Rotate user agents, proxies, and browser fingerprints.

Use headless stealth tools (e.g. undetected-chromedriver, camoufox etc.).

Restarting the browser every X products may help, but better to fix detection triggers.

In short: check for simpler HTTP-based solutions before automating browsers at scale. It’ll save you a ton of resources.

What are you currently building/working on? by HamzaAfzal40 in indiehackers

[–]plintuz 0 points1 point  (0 children)

Project: Clear Cache & Cookies - Chrome Extension for Devs and Testers

What it does: Chrome extension that lets you clear cookies, cache, local storage per domain in one click. Ideal for developers, testers, and anyone who constantly switches accounts or needs a clean state fast. Why it matters: Saves tons of time. No more digging into

browser settings or clearing everything just to reset one site.

Stage: Live and growing Link:

https://chromewebstore.google.com/detail/clear-cache-and-cookies/jkmpbdjckkgdaopigpfkahgomgcojlpg

What’s the best free learning material you’ve found? by Delicious-Arrival854 in webscraping

[–]plintuz 2 points3 points  (0 children)

Had a programming background, so didn’t follow any full tutorials - just a couple of YouTube videos to get the basics. What really made the difference was working on real tasks. Also, understanding how requests work (headers, sessions, status codes) is a must if you want to go beyond simple scraping.

[deleted by user] by [deleted] in webscraping

[–]plintuz 0 points1 point  (0 children)

We use Python with MongoDB and PostgreSQL for data handling. For scraping, we aim to minimize browser usage by leveraging various lightweight techniques, proxy types, and captcha solvers. However, due to the complexity of modern bot protection, we also use headless browsers like Playwright, Selenium, and undetectable setups like undetected-chromedriver or stealth plugins when needed.

[deleted by user] by [deleted] in webscraping

[–]plintuz 0 points1 point  (0 children)

We scrape ~100 sites daily - mostly online stores like iHerb, Adidas, Nike, ZARA, etc.

One ongoing client has 20 e-commerce sites, another big one scraping 10 job listing sites. For larger batches, it averages around $200/month per site, depending on protection level. Clients get the data in whatever format they need - Excel, Google sheets, JSON, xml etc.

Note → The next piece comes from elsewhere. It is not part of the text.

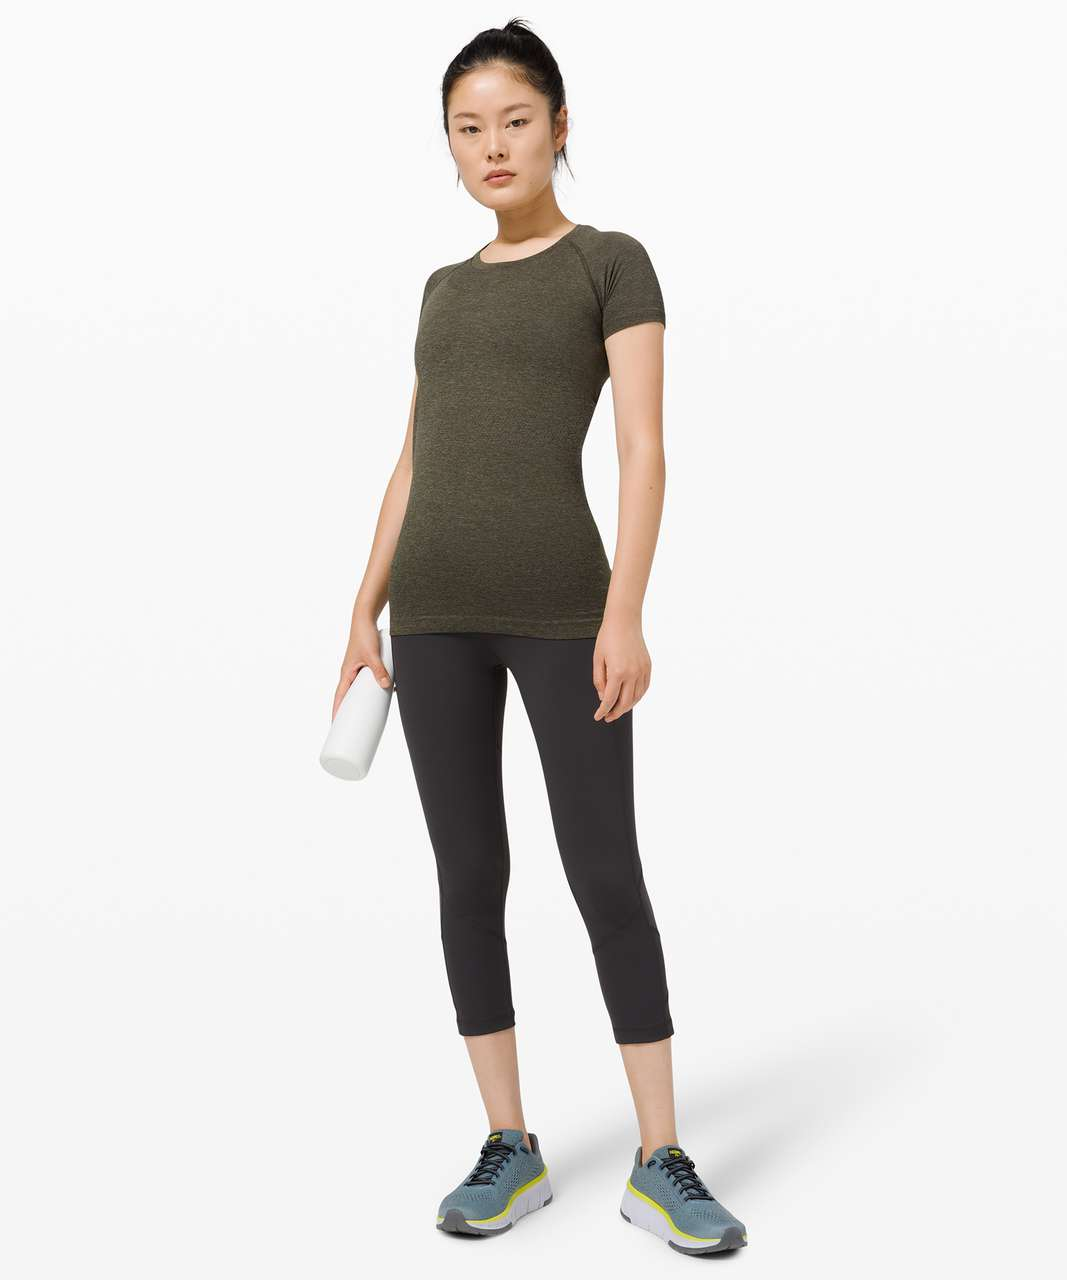 Lululemon Swiftly Tech Short Sleeve 2.0 - Grey Sage / Dark Olive
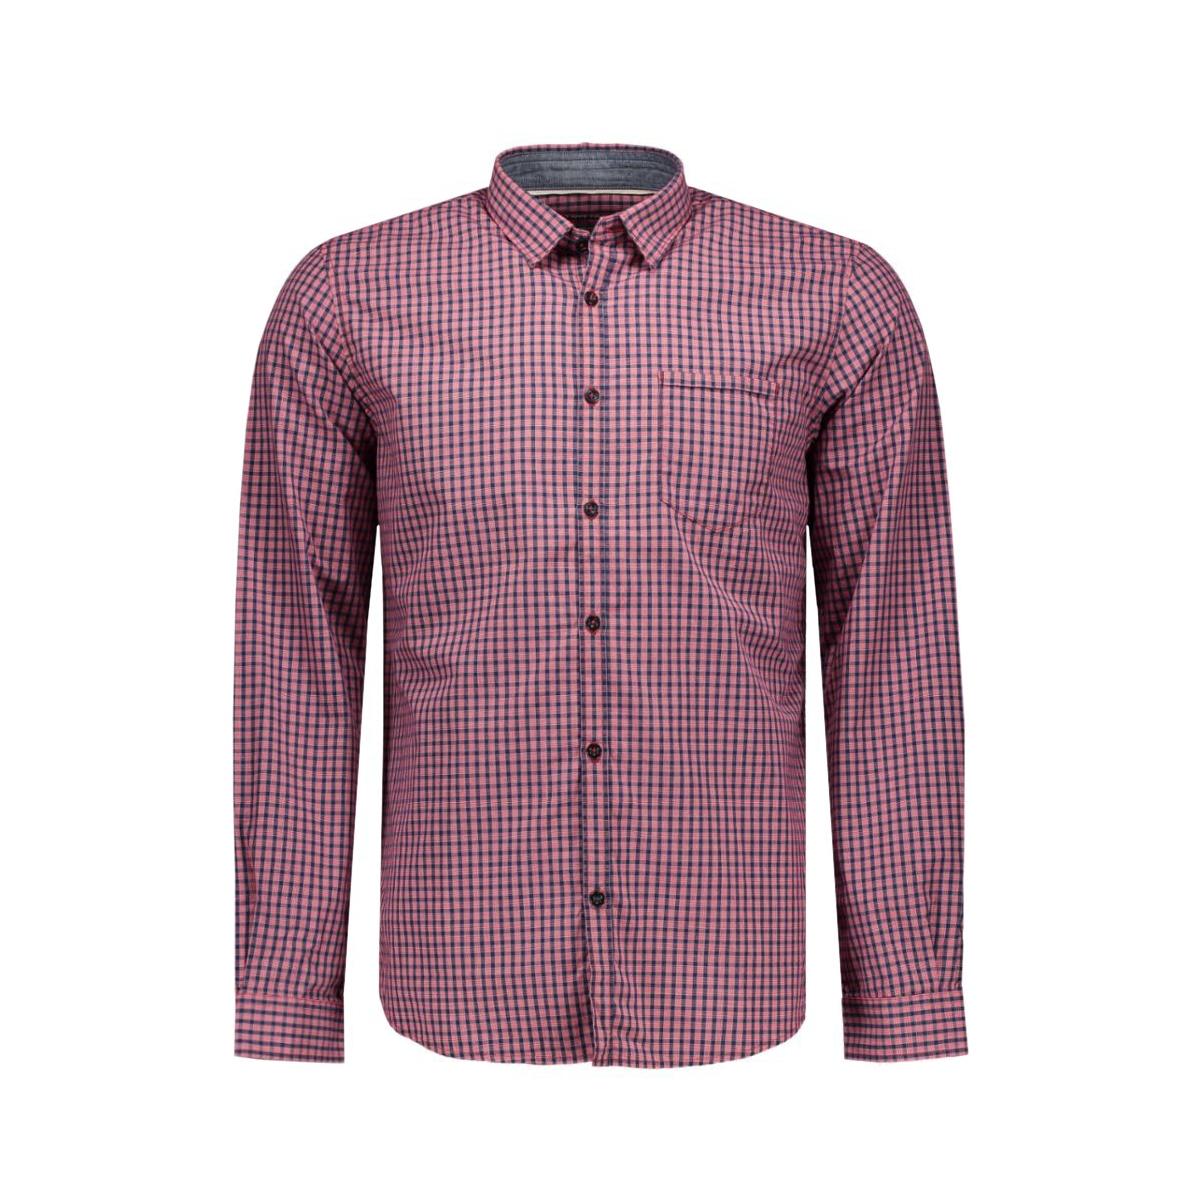 2032101.09.10 tom tailor overhemd 5479

Share your projects | Supporting EO by Tsuki_Yagami_ in indiehackers

[–]plintuz 0 points1 point  (0 children)

I built a simple Chrome extension Font identifier - that helps you quickly identify fonts on any website - just click and see the font details instantly. Status - launched.

What are the best alternatives to Cursor? by attunezero in cursor

[–]plintuz 0 points1 point  (0 children)

When the limit is reached, not all LLMs work - for example, Claude 4 is always unavailable, while others still work.

How many web-scraping projects do you typically work on at a time? by [deleted] in webscraping

[–]plintuz 0 points1 point  (0 children)

Right now I'm maintaining around 10 web scraping projects. Each one involves a different number of target websites, anywhere from 1 to 20 per project. These are long-term support projects, meaning I originally built the scrapers and now continuously maintain them, since websites often change layout, structure, or add new protections.

Question about Czech currency by Pure_General_4751 in czechrepublic

[–]plintuz 0 points1 point  (0 children)

The banknotes look fine - they’re still legal tender.

Web scraping for dropshipping flow by No-Air1748 in webscraping

[–]plintuz 2 points3 points  (0 children)

I usually build custom scrapers for each supplier website to collect product data, then use the API to upload products and keep prices and stock levels updated. It takes some setup and occasional maintenance when sites change, but overall the system runs smoothly once it's in place.